These are supports with known attributes that make them relatively easy to analyse. We will deal
with three types of supports and fixing conditions. Combinations of these supports lead to the
various overall fixing conditions for the beams, affecting the value of "K" in the general deflection of
beams equation.

A Pinned Support allows the beam to rotate at the point of contact, but stops the beam falling
down, or being pushed along.

Figure 2-2: A Pinned Support

A Pinned and Roller Support allows the beam to rotate at the point of contact, but stops the beam
falling down. It does not stop it from being pushed along.

Figure 2-3: A Pinned and Roller Support

The Encastré Fixing (or Fixed Support) stops the beam rotating, falling down or being pushed along.

Figure 2-4: The Encastré Fixing (or Fixed Support)

2.1 Experiments
In this section we are going to use combinations of the supports illustrated in Figure 2-2, Figure 2-3
and Figure 2-4 to compare the deflections in beams with four different fixing conditions.

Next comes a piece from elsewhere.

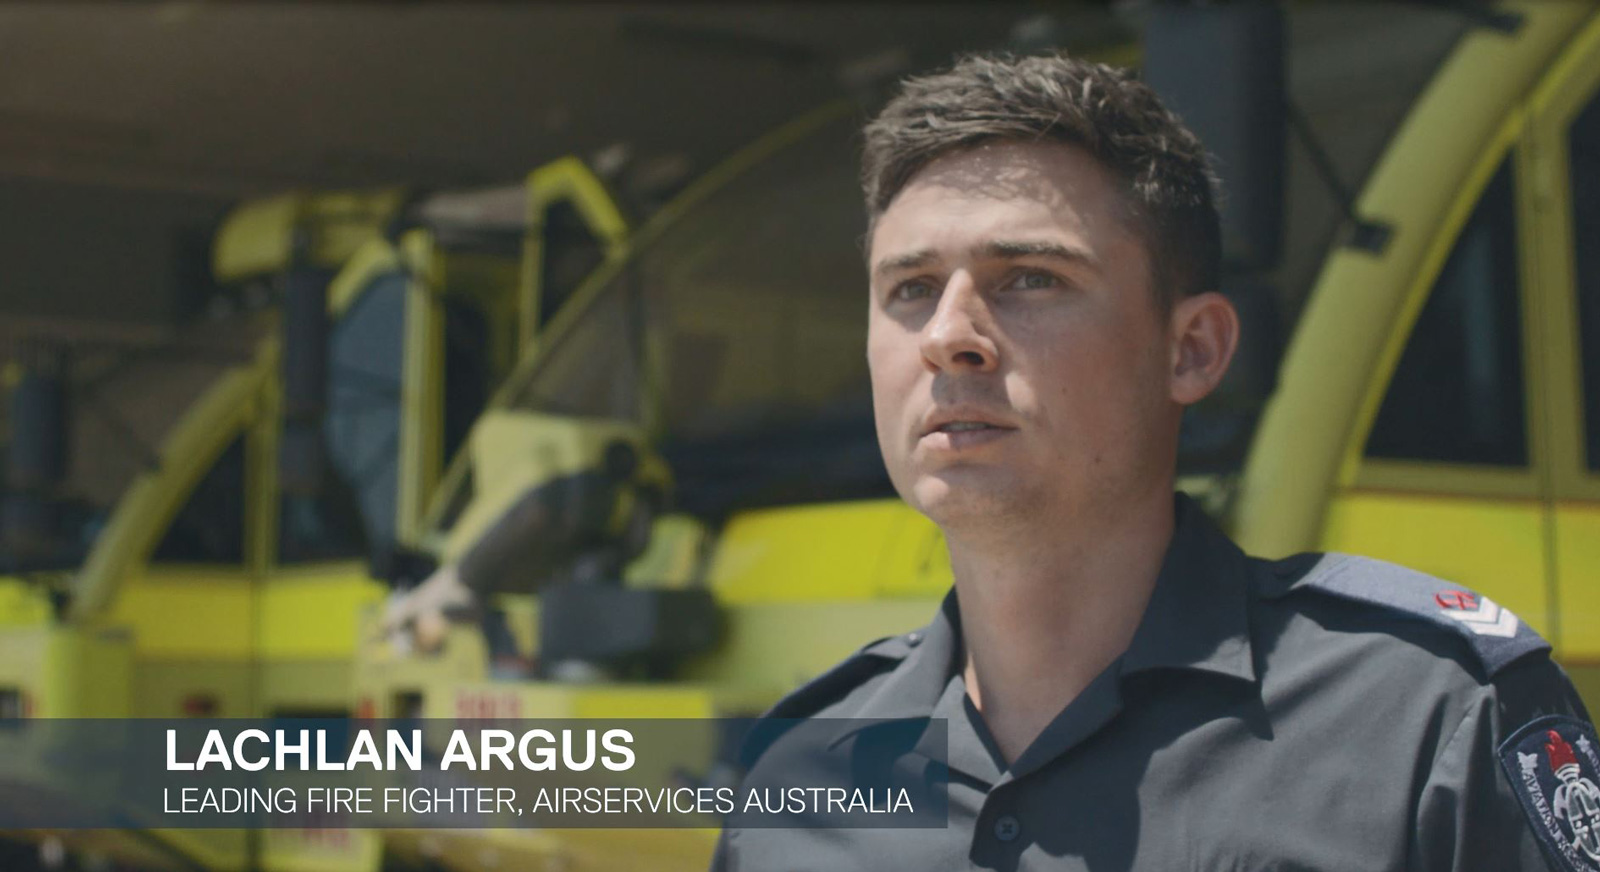 Lachlan Argus is a Leading Fire Fighter with Airservices Australia

The
material and cross sectional geometry of the beams will remain constant and they will all be
subjected to identical loading conditions (0.5kg located 160mm from the left hand support).
Students only need to measure the deflection at the point load during the experiments. Students will
need to move or remove the right hand support block, between experiments, to prepare the fixing
conditions for the next experiment. When using the blocks as fixed supports it is important that the
beam is clamped central in the block and that the two fixing screws are tightened evenly so that the
gaps on each side of the beam (x & y) are equal, as shown in Figure 2-5.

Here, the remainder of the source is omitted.